Молочков с послушным ожиданием опустился на диван и, заранее пугаясь, заморгал круглыми желтыми глазами.
— Без ножа убиваете. По первому разряду убиваете.
— Так вот, Терентий, — сказал Крымов и медленными глотками допил воду. — Снимать фильм я не буду. Впрочем, скажу тебе откровенно, — добавил он сдавленным от холода газировки голосом. — Я вообще не должен был браться за эту картину. Просто я не понимаю, Терентий, что такое современная молодежь и что такое их современная любовь.
— Правду-матушку побойтесь, Вячеслав Андреевич.
— Боюсь. Но это так. Каждый должен знать, на что он способен.
И он присел на подоконник, полуповернулся к Молочкову — из окна наплыло лиственным жаром тополей.
Молочков схватился за голову, воскликнул взвившимся тенором:
— Я догадываюсь, в чем ваша причина! Нет тут вашей вины, нет! А если кому не в разум, так это дело скоро пройдет. Вячеслав Андреевич! Меня неделю назад тоже вызывали в инстанцию… Или вроде приглашали для разговора… Задавали вопросы о ваших отношениях с артисткой Ириной Скворцовой. Им, стало быть, никто не запретит докапываться до середки, если дело о гибели человека при неизвестных обстоятельствах…

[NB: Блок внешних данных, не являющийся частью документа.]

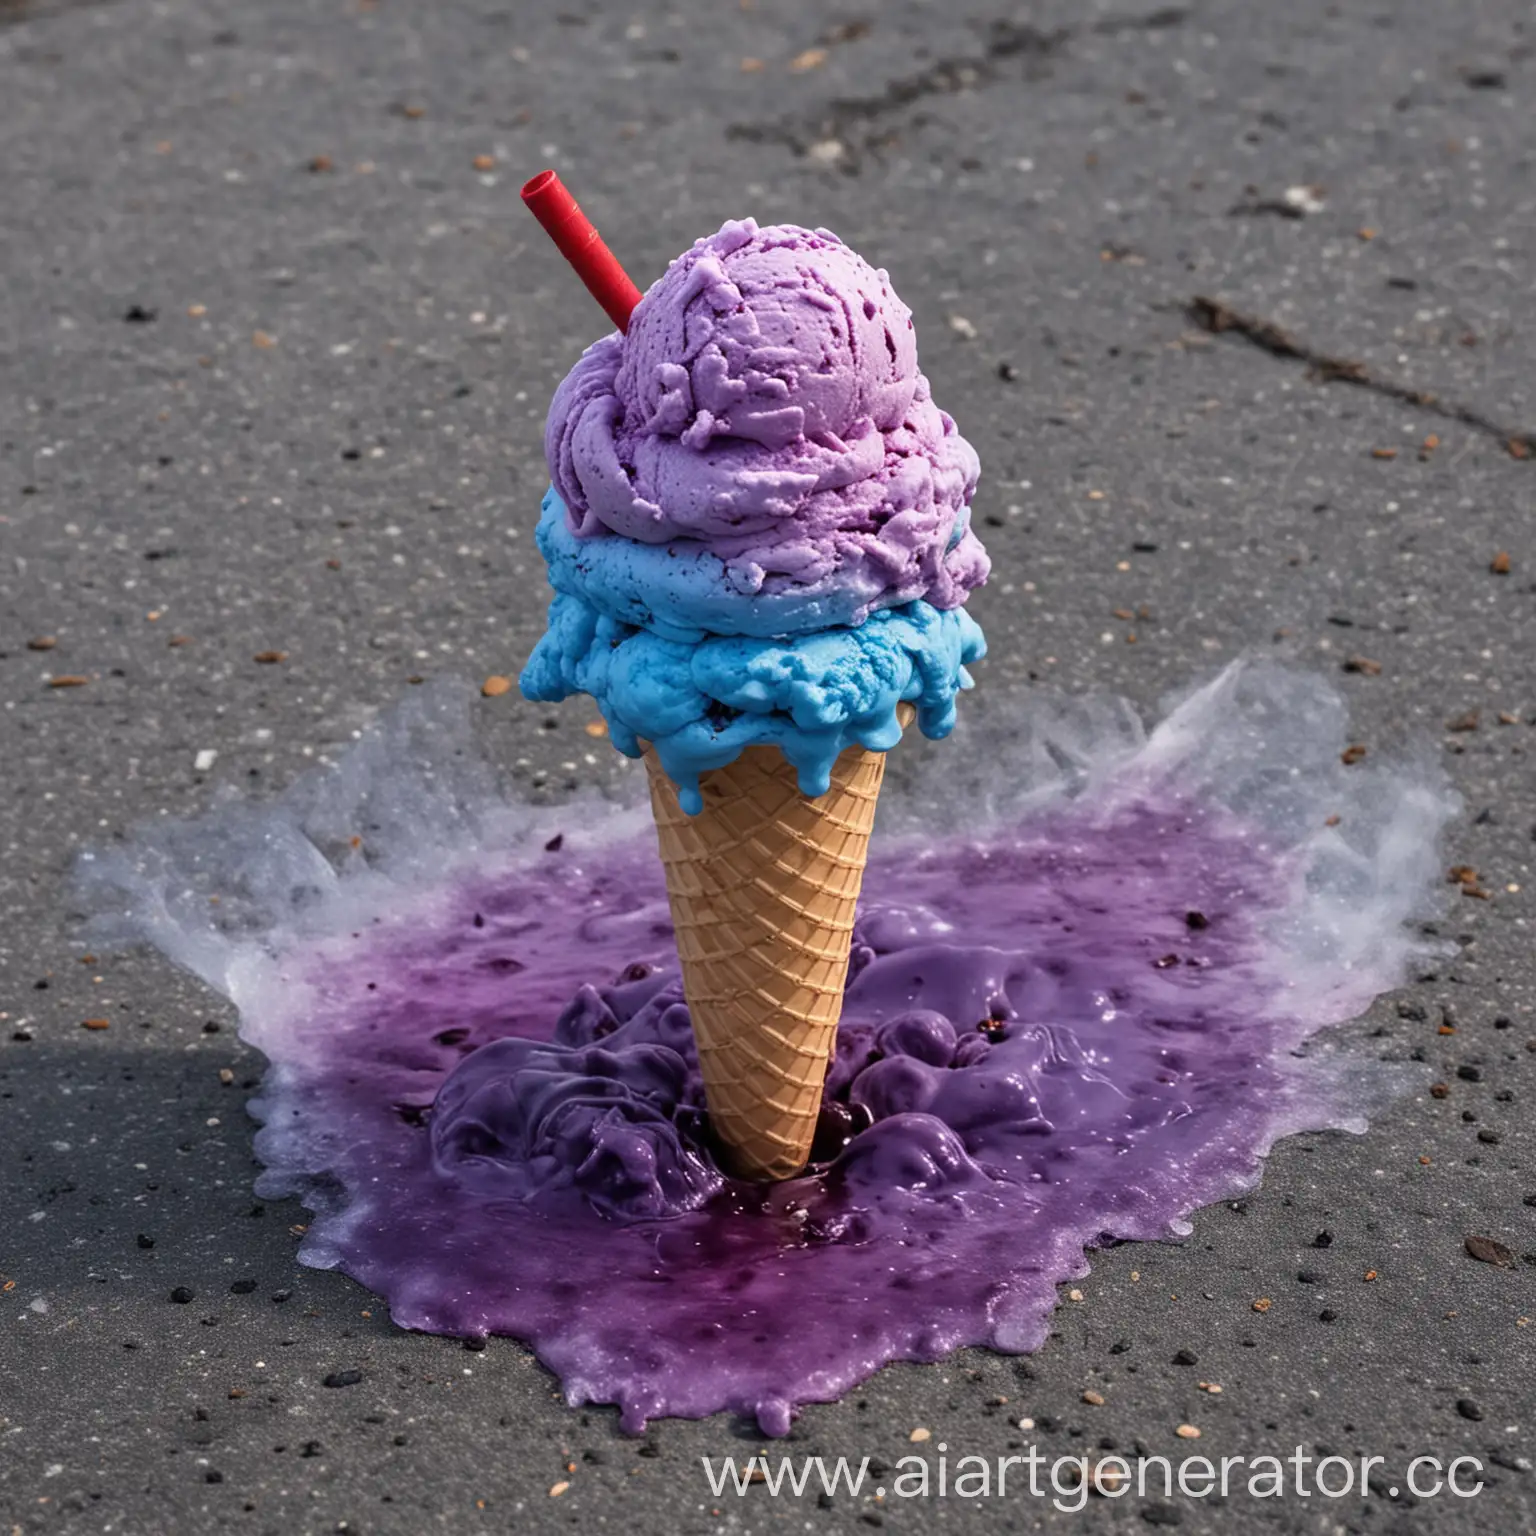 ColorChanging-Magical-Ice-Cream-Blue-to-Purple-Delight
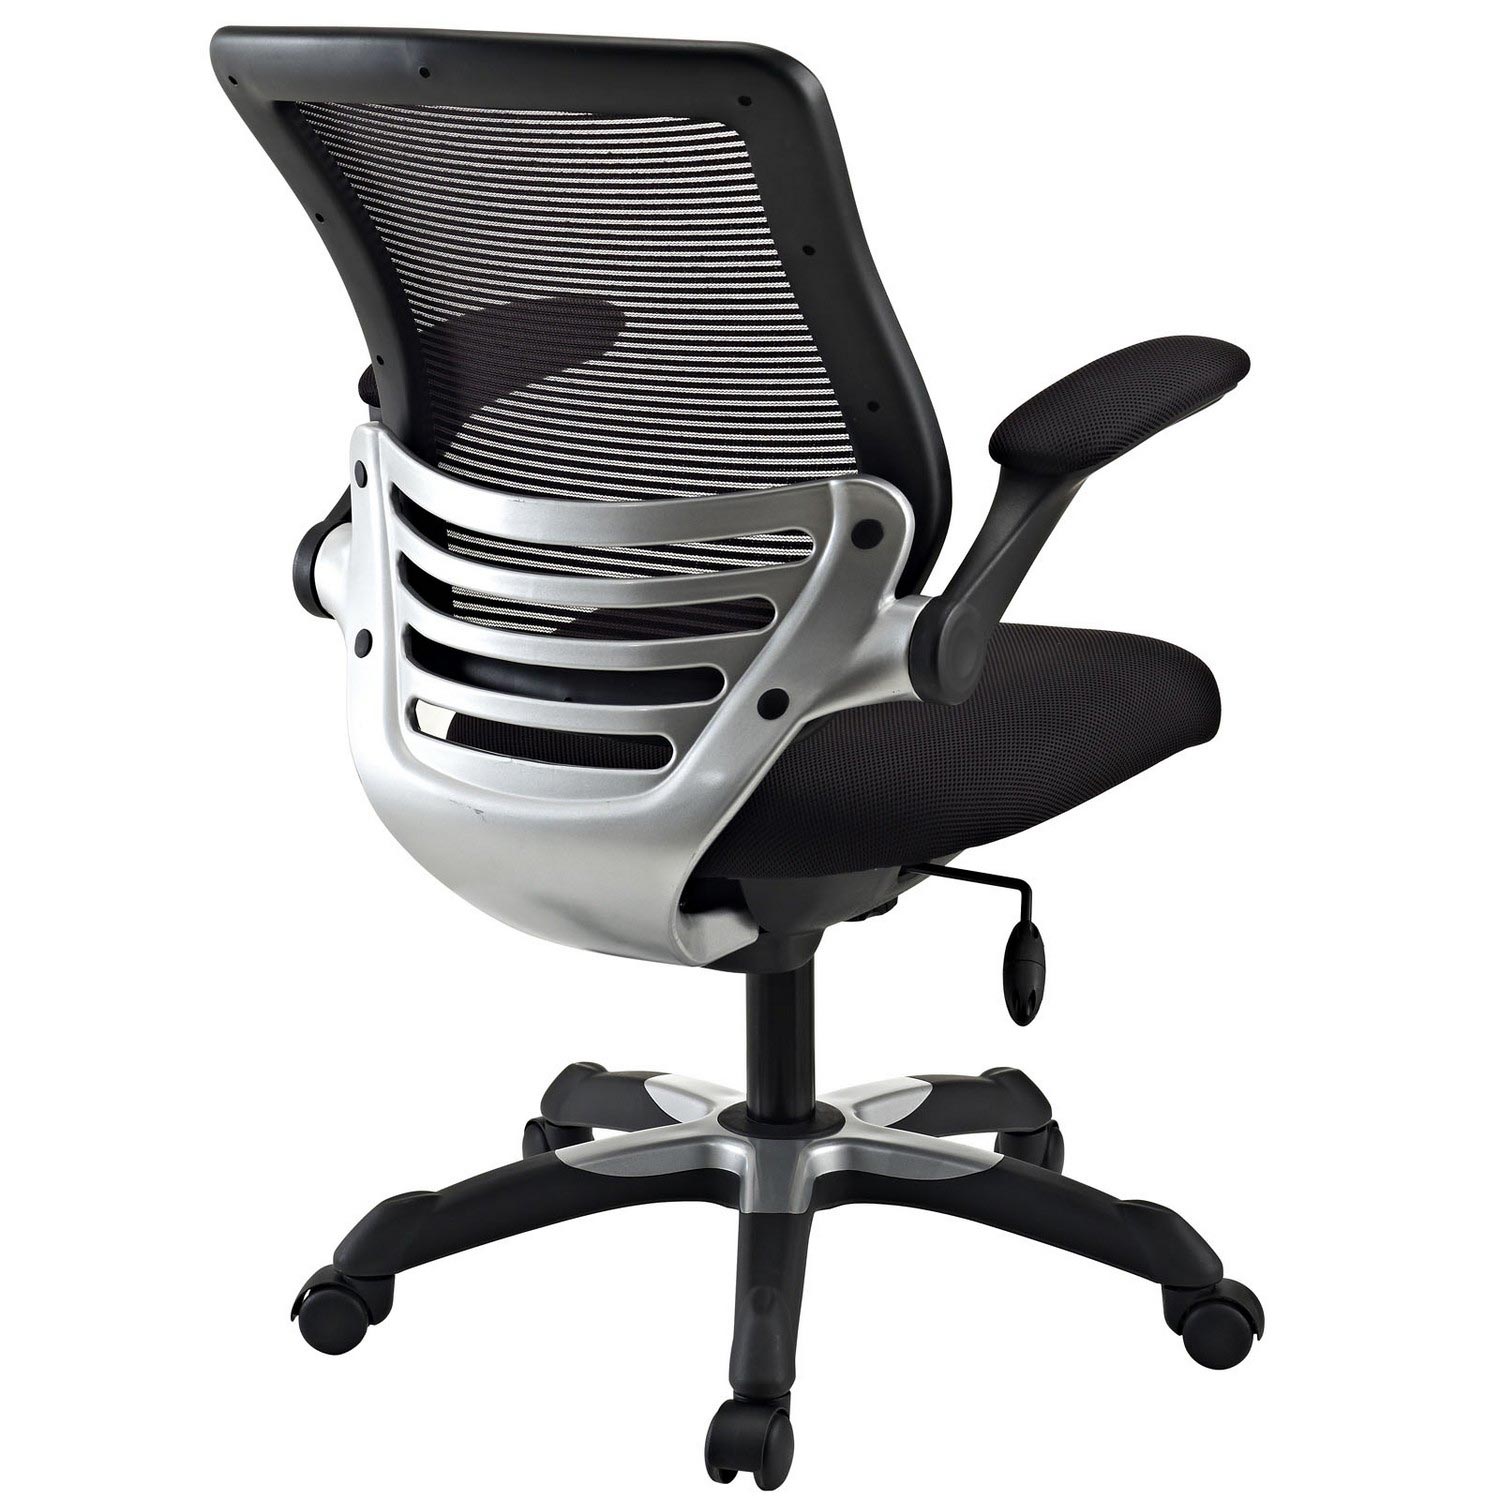 Modway Edge Office Chair - Black

— При неизвестных обстоятельствах? — переспросил Крымов и, оттолкнувшись от подоконника, прошелся по комнате. — Кому неизвестных? Тебе или следователю, который тебя спрашивал? По просьбе следователя до своего отъезда на фестиваль я изложил все обстоятельства письменно. Я был единственным свидетелем… единственным. И никто не может ничего добавить. Ни Балабанов, ни ты. Смысла не было вас вызывать — или как там? — приглашать для разговора.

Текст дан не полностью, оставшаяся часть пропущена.